Introduction

This collection of monthly pieces represents a sort of sanitized autobiography and is carefully entitled the Public Confessions. (the Private Confessions will never be written.) Before I wrote the first column, I made a few rules for myself.

I have broken most of these rules in every column I write. My husband features heavily in these pages as a long-suffering but patient man. Bill and Max (dog and cat respectively) appear in later columns more often than I would like, and a quote from a taxi driver called Elias got both me and him in trouble with that Great Man, the ludicrous Jeffrey Archer.

Elias and I got to know each other well as we crossed and re-crossed the Greek island of Skyros, from airport to harbour, in a search for my lost husband. During one journey Elias told me that once he was hired by Jeffrey Archer to drive him, Mary and their guests on a trawl of the Skyrian pottery shops. Apparently, the Great Man has an impressive collection, though it has to be said that not everybody shares his taste. Elias would meet the great man's yacht at the harbour, and off they would go. Naturally I was intrigued and asked what the great Archer was like on his holidays. Elias said, ‘Sue, he talk to me like “dog”.’

I was indignant that Archer could show such disrespect to Elias (who had a genuine university degree, and good manners, unlike Archer).

I felt a prick of unease when I wrote this. When I next returned to Skyros I was astonished to be told by Elias that Archer had rung him from England to complain.

‘I don't care, Sue,’ said Elias, laughing, ‘He is pig.’
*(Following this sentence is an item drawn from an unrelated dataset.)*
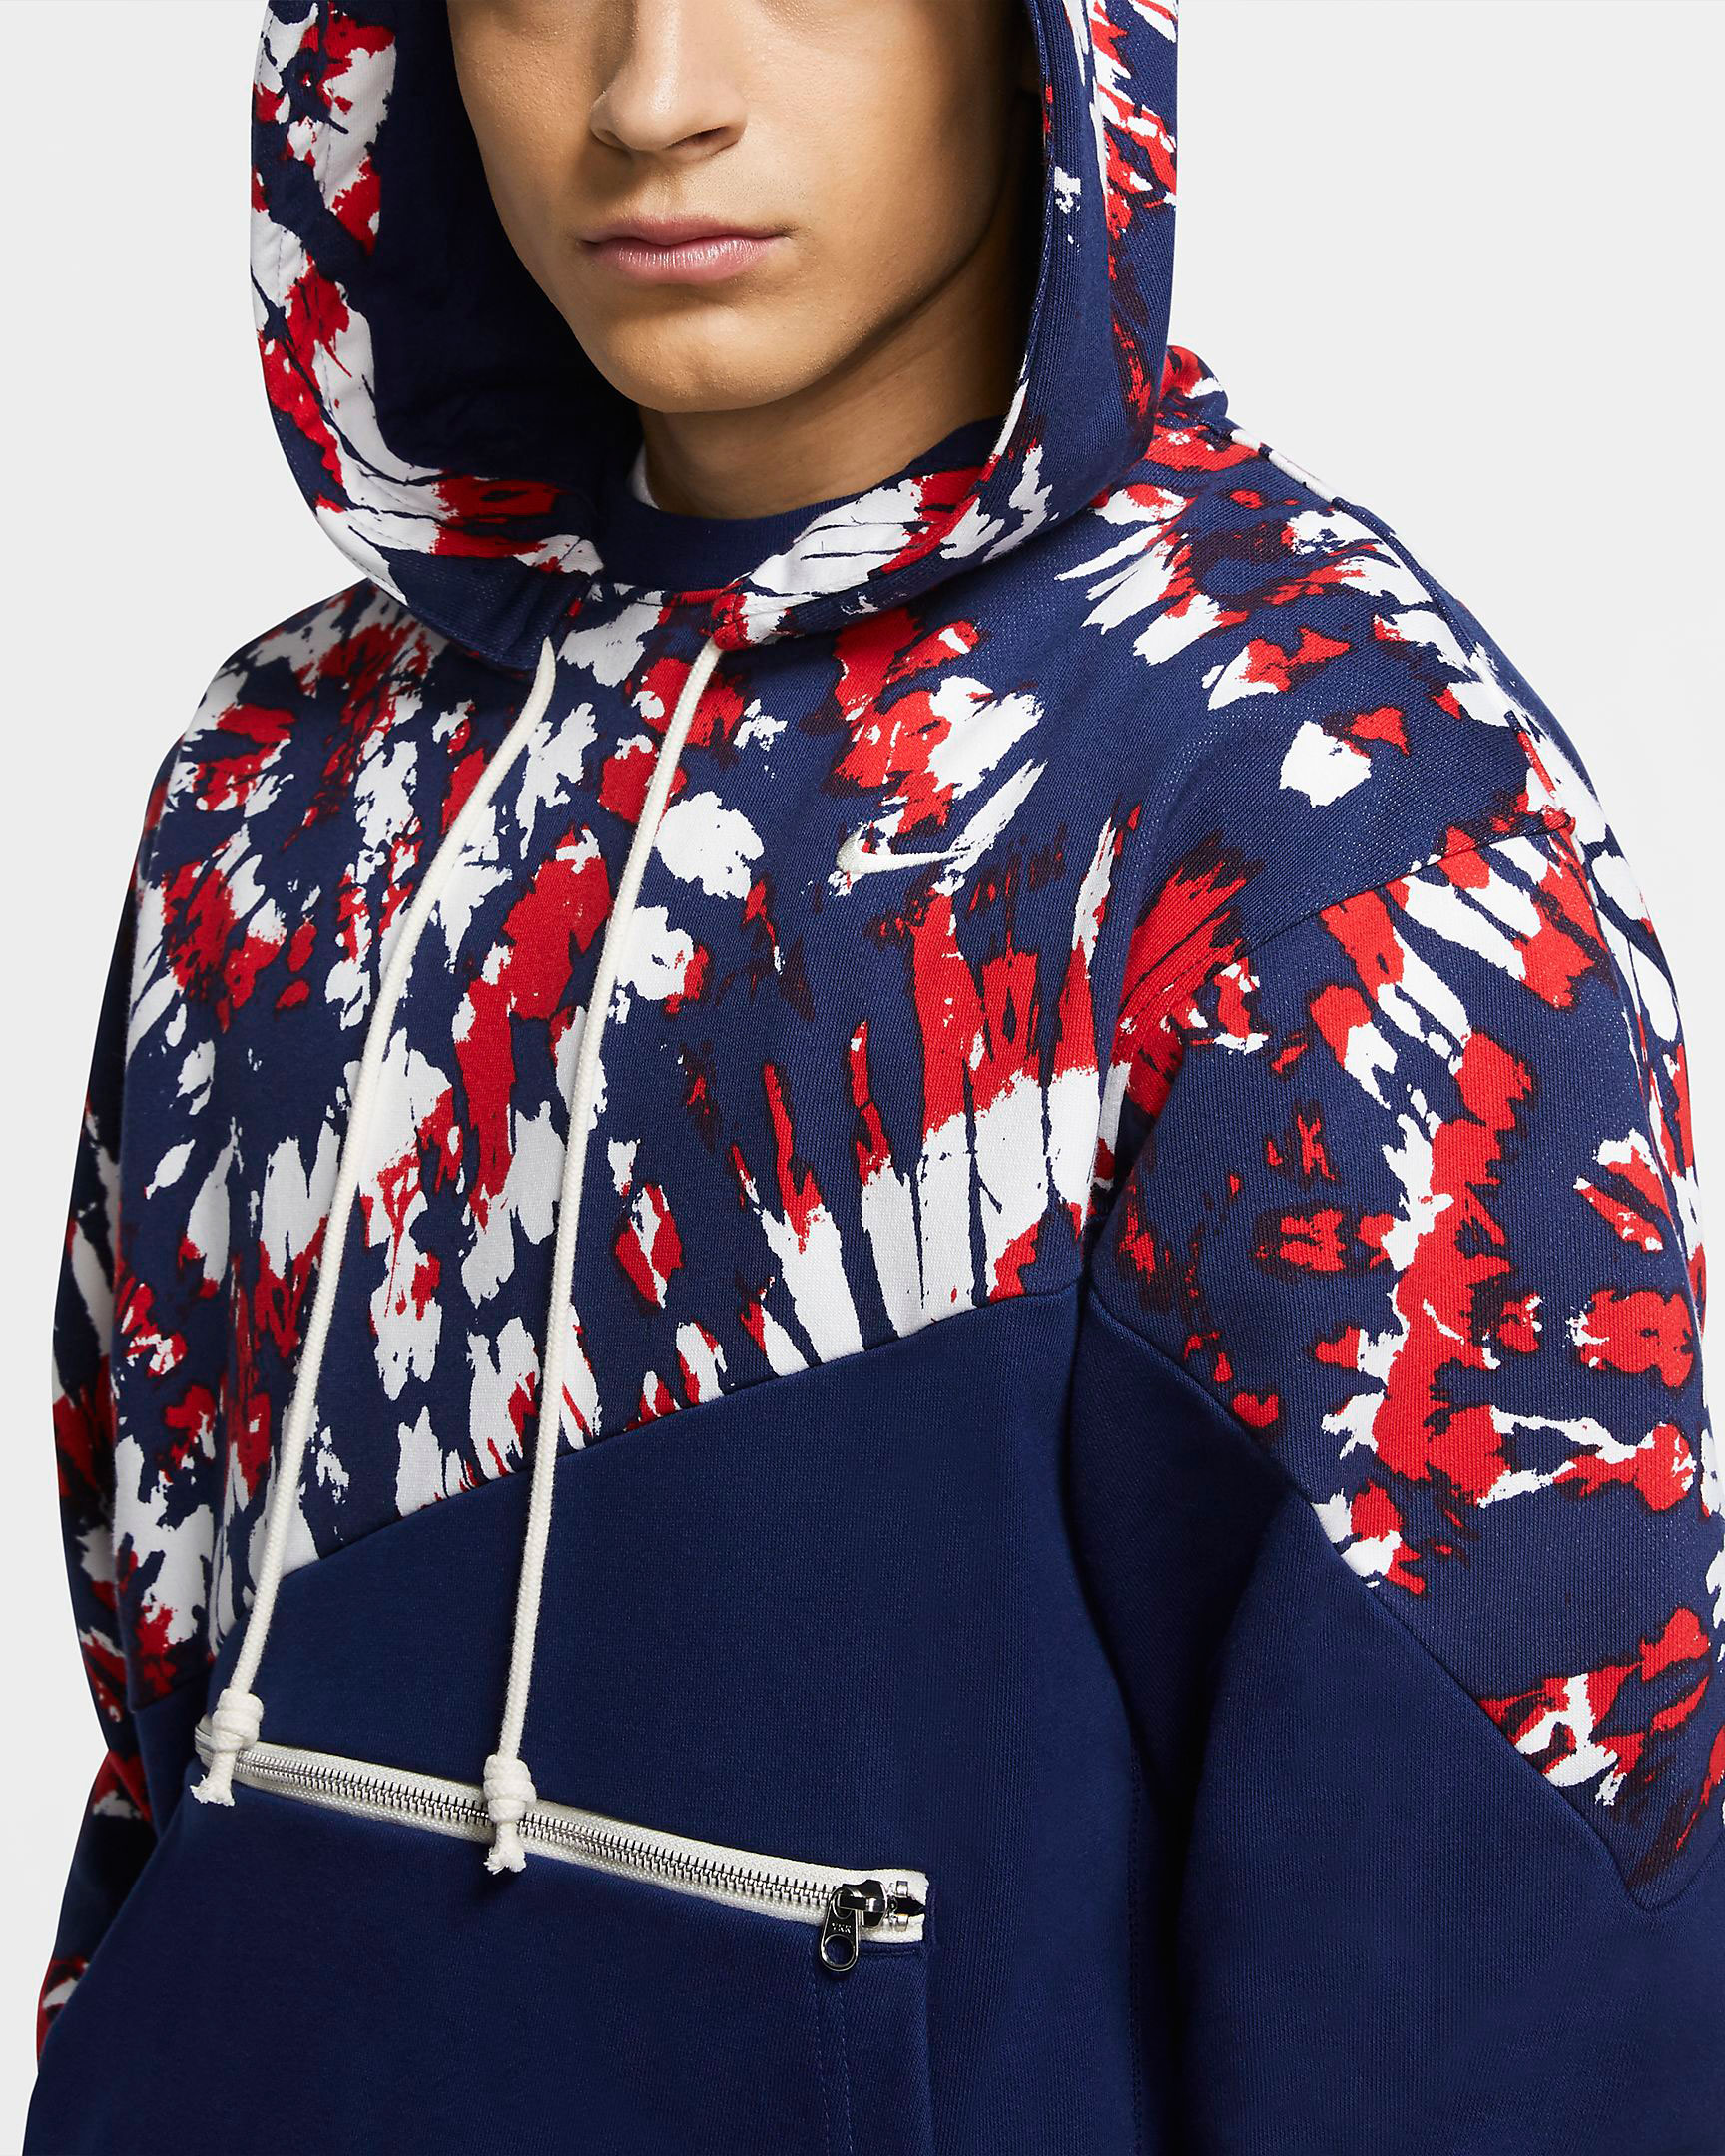 nike-lebron-17-graffiti-fire-red-cold-blue-hoodie

I agreed to work for Sainsbury's The Magazine after a delightful dinner at the RAC club with Delia Smith and the editor, Michael Wynn-Jones. I had never met either of them before. All I knew was that they were starting a new magazine and wanted to talk to me about it. My heart sank at the phrase ‘new magazine’.
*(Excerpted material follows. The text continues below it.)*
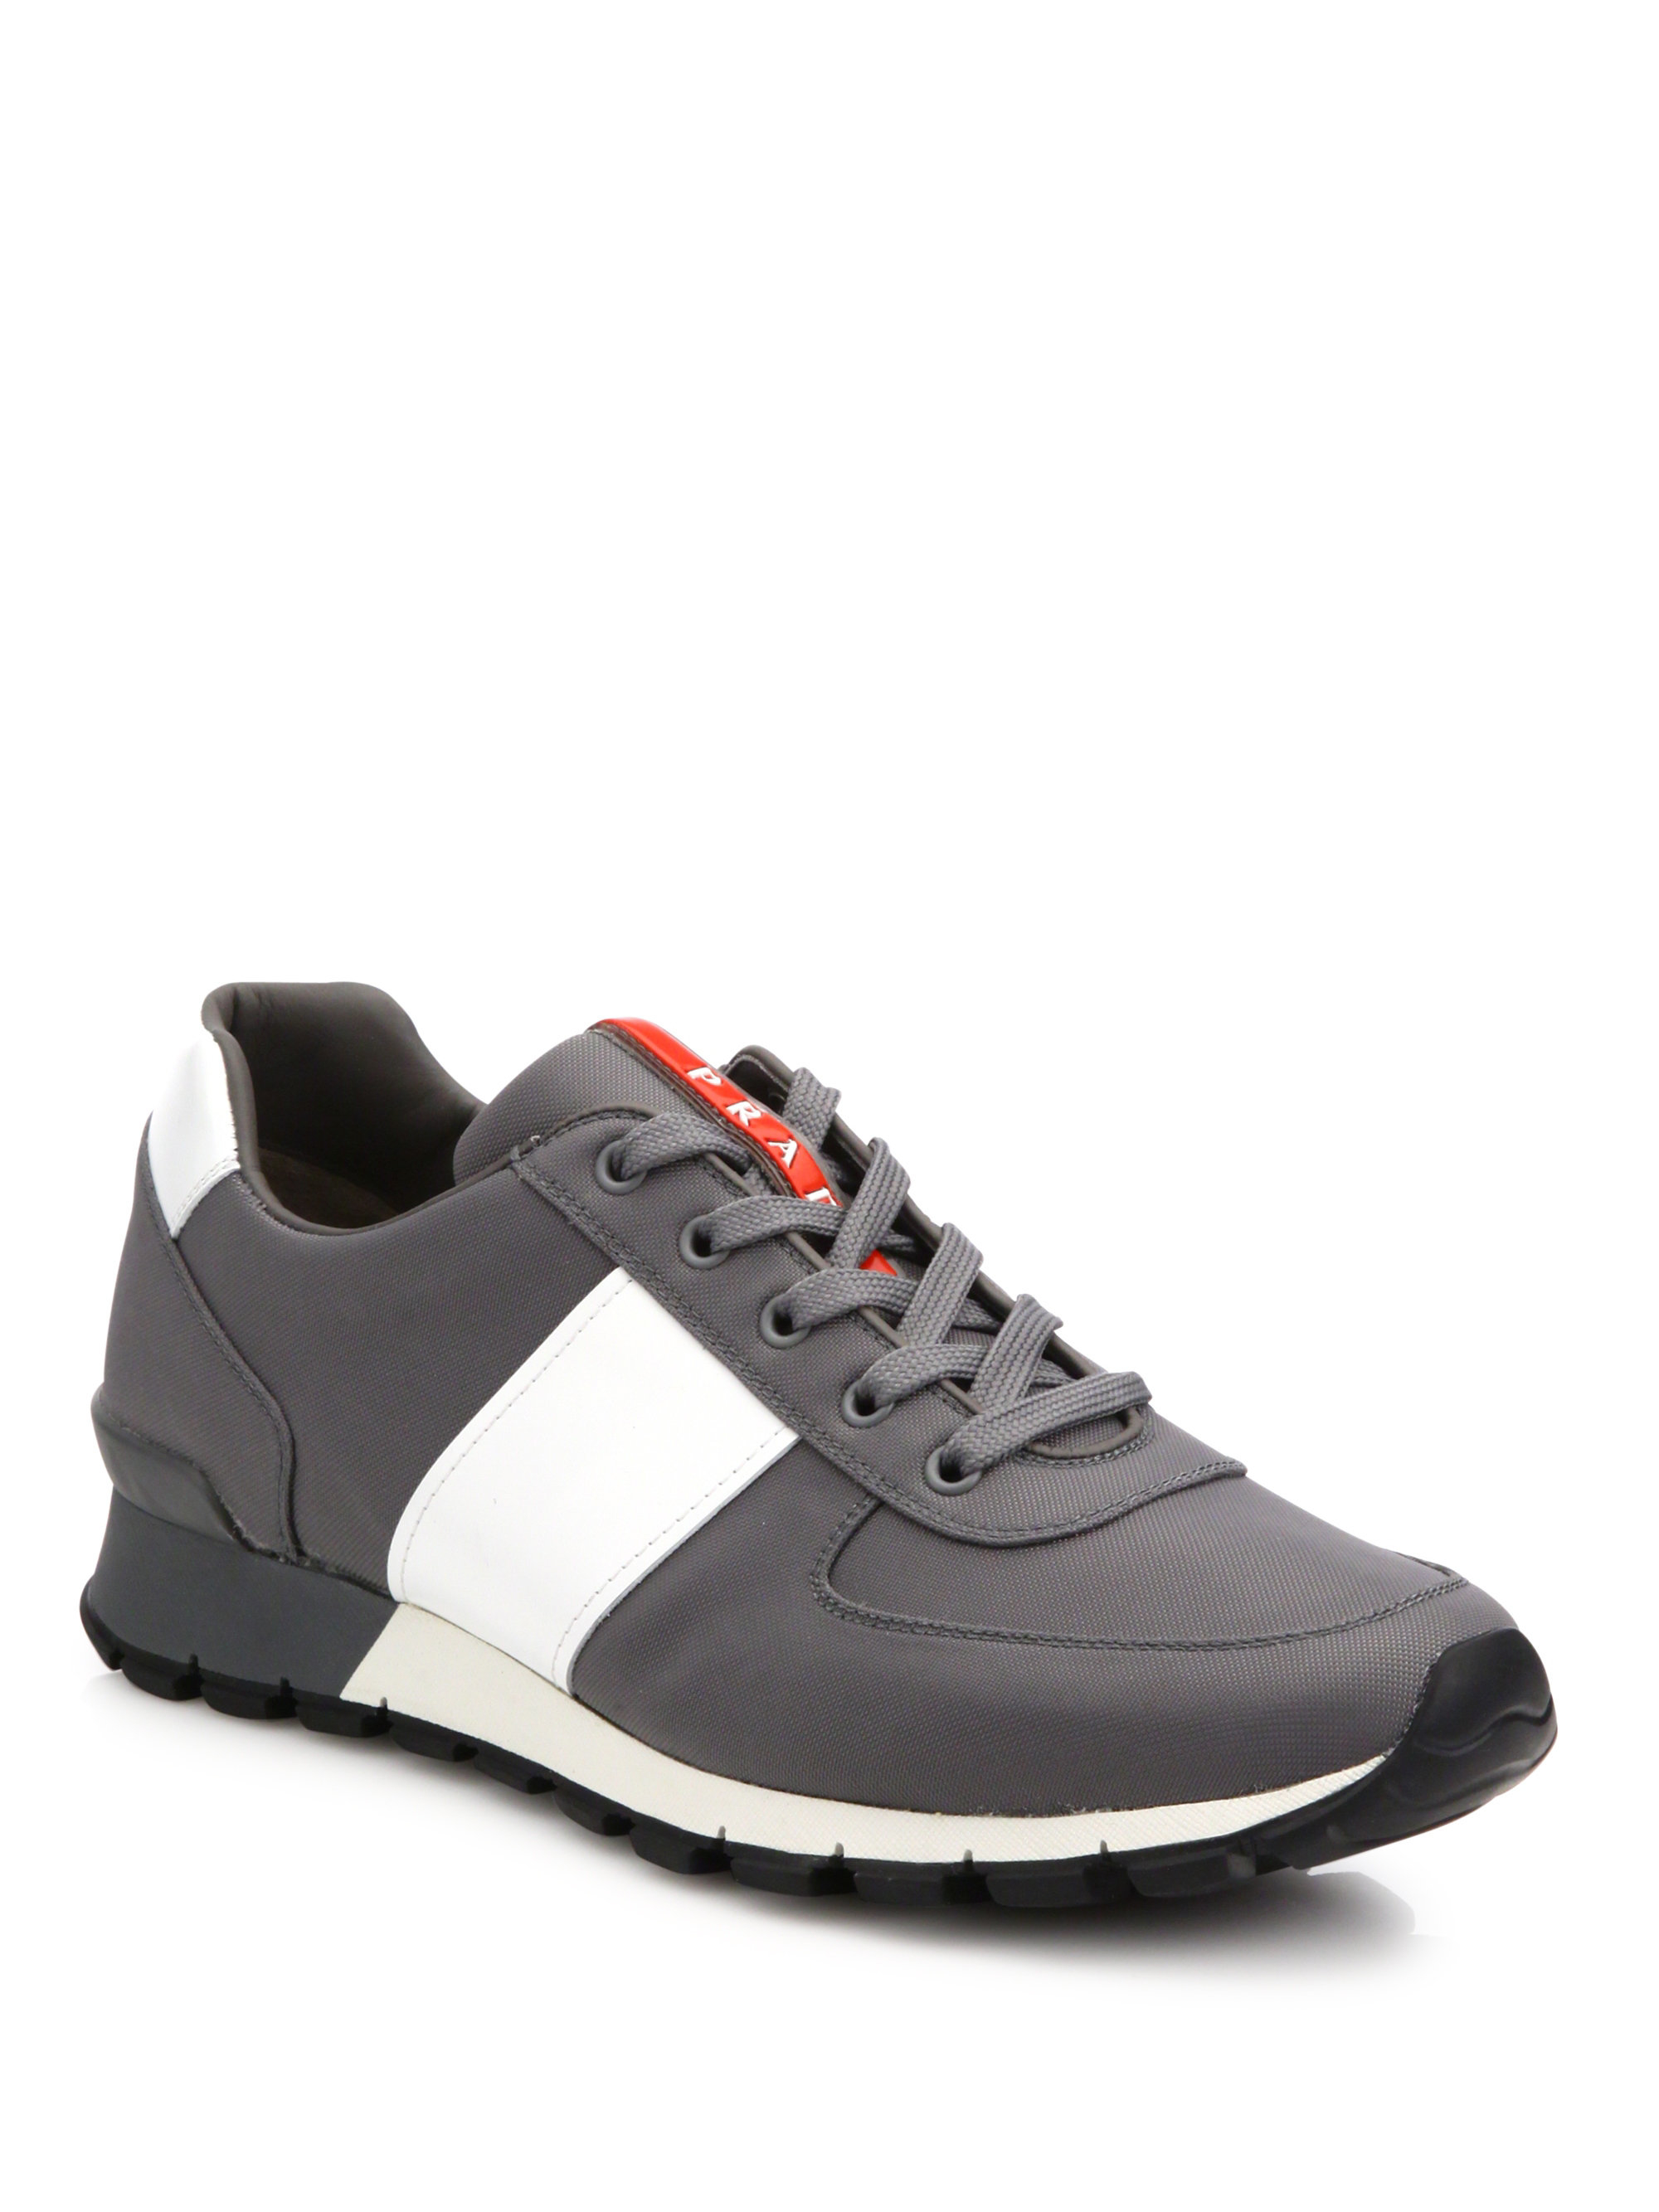 Prada Spazzolato Trainer Sneakers in Gray for Men | Lyst

This innocent-sounding phrase is usually a code. It means give me your hard-earned money, I will ‘invest' it in setting up a publication that nobody wants to read, and after much heartbreak and hard work I will set fire to your money, and cast the burning notes into the wind. Ensuring that you will never see your money again.
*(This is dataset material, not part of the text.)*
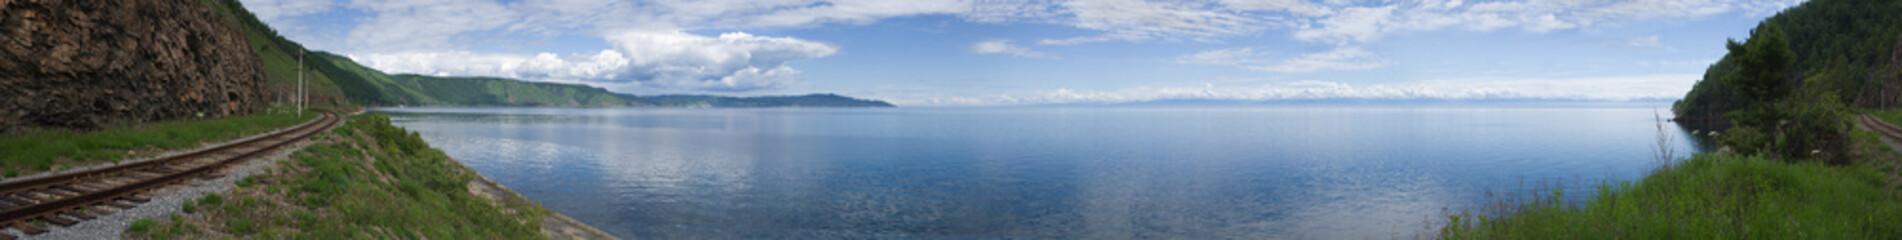 Panoramic photo of lake Baikal

There was a great deal of laughter and almost as much liquor. After saying over the soup that I couldn't possibly fit in any more work, I talked myself into it during the main course. I heard myself gush over coffee that I would be delighted to provide them with 800 words a month. 800 words was nothing. I could write them on the train from Leicester to St Pancras, or in the kitchen while I waited for my rock cakes to harden in the oven. I saw myself seated at a pavement café with an elegant notepad and inky pen, honing and polishing 800 wise and witty words.

Forgive me if I larf. These 800 words have mostly been dragged out of me kicking and screaming. (Which reminds me, one of the rules was that I would also avoid clichés, like the plague.)

I don't think I have ever delivered the 800 on time. This is the most disgraceful confession of all. In fact, I have no right to call myself a professional writer. The pros get up early and go to their study. After a moment's thought they type out 800 lucid double-spaced words. After a little light editing this document is sent to the editor with a chirpy comment on a compliments slip. I'm convinced other columnists do not do as I do – lie in bed quaking with fear, gnashing my teeth, telling anyone who will listen (few lately), ‘I can't do it. I've got nothing to write about.’ In my own defence, and on the advice of my live-in therapist, Dr Eagleburger, I should explain that I work under certain restrictions. Magazines with high production values such as Sainsbury's Magazine cannot be thrown together overnight. We are a very long way from the Tortoise Society's news-letter type of thing. My words have to be written three months ahead, so topicality is out and I can't take advantage of national events.

I do hope that you enjoy these pieces. Personally, me, myself, I haven't been able to re-read them again.